Preprocessing of the input signal may comprise classical pre-processing routines, for example for enhancing the quality of the input signal. Pre- and post-processing of the input signal preferably comprises measuring the presence of the user voice signal in the input signal, in particular verifying whether the user voice signal is part of the input signal or not. Preferably, the presence of the user voice signal is measured in pre-processing. Advantageously, this information can be used to adapt the audio processing, in particular to choose between different operation modes of the audio processing unit. For example, when the pre-processing does not measure the presence of the user voice signal in the input signal, the neural network of the audio processing unit may be temporarily deactivated. This decreases computational needs for determining the output signal. Alternatively, when the presence of the user voice signal is measured, the neural network can be activated, in particular reactivated, in order to ensure reliable separation and processing of the user voice signal.
The measurement of the presence of the user voice signal in the input signal preferably makes use of the fact that the hearing device normally is carried close to the ears and/or the mouth of the user. The presence of the user voice signal may, for example, be measured by an increased loudness in the input signal. Another possibility would be to use sensor data, in particular vibration sensor data, to verify whether the user is speaking or not.
According to a further preferred aspect of the method, a secondary device is provided. The provided secondary device comprises a secondary audio processing unit for determining the secondary output signal, wherein the secondary audio processing unit comprises at least one secondary neural network for processing, in particular denoising, at least parts of the secondary input signal. The provided secondary device is in data connection with the at least one hearing device. A secondary input signal is provided to the secondary device. Using the secondary audio processing unit a secondary output signal is determined, wherein at least parts of the secondary input signal are processed, in particular denoised, using the secondary neural network. At least parts of the secondary output signal are transmitted to the at least one hearing device.

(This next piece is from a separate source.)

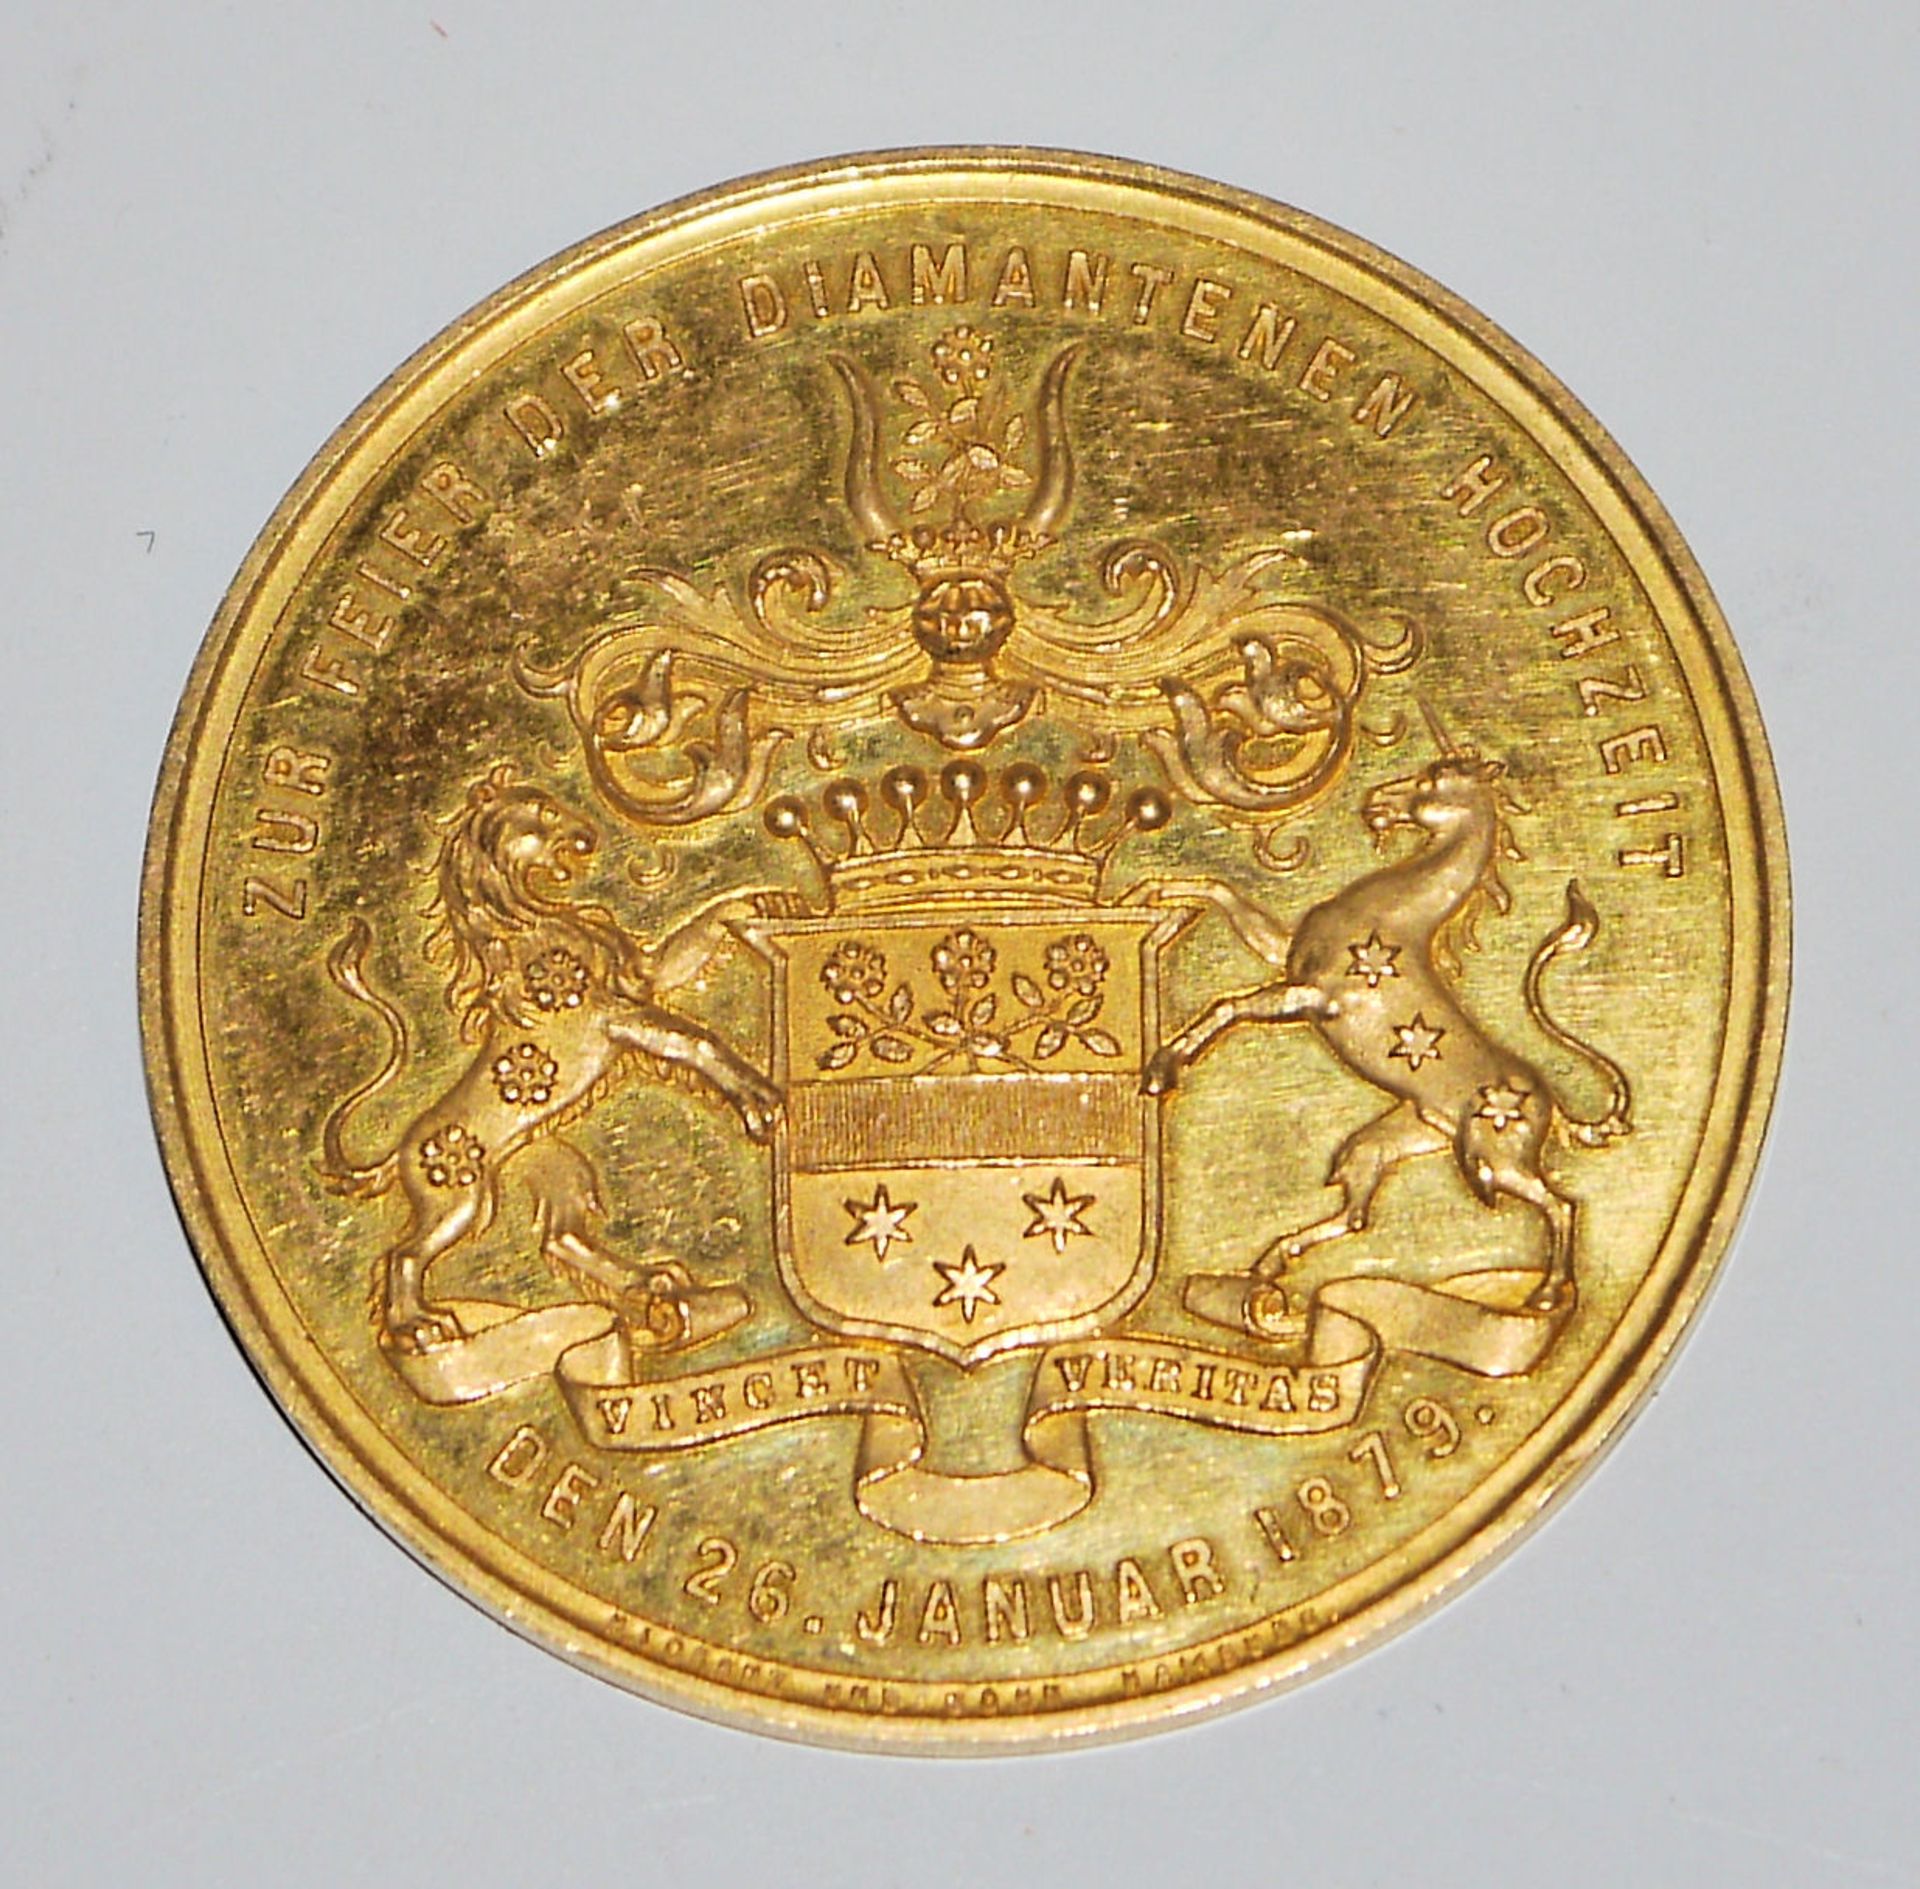 Hamburger Jubiläums-Goldmedaille, Portugalöser zu 100 Mark 1879, selten ! - Bild 2 aus 2

Preferably, the secondary device is provided together with the at least one hearing device. The provided secondary device may comprise one or more of the features which have been described above in respect to the system for audio processing.
The secondary input signal can, for example, be provided to the secondary device by being transferred from the at least one hearing device to the secondary device. For example, the secondary input signal may coincide with the input signal which is recorded by the recording unit of the at least one hearing device. Preferably, the secondary input signal may be recorded by a secondary recording unit of the secondary device. A transmission of the secondary input signal from the at least one hearing device is avoided. This way, the latency in determining the secondary output signal may be decreased.
According to a further preferred aspect of the method, the processing of the secondary input signal by the at least one secondary neural network comprises separating the user voice signal from the secondary input signal.
Preferably, the secondary neural network removes, the user voice signal from the secondary input signal. The secondary neural network preferably filters the user voice signal and noise from the secondary input signal. In particular, the secondary neural network returns improved, in particular noise-free, audio signals other than the user voice signal.
According to a further preferred aspect of the method, the secondary output signal is at least partially included in the output signal by the audio processing unit of the at least one hearing device. Determining the output signal by the audio processing unit of the at least one hearing device may include combining at least parts of the secondary output signal with further audio signals processed on the at least one hearing device, in particular the user voice signal.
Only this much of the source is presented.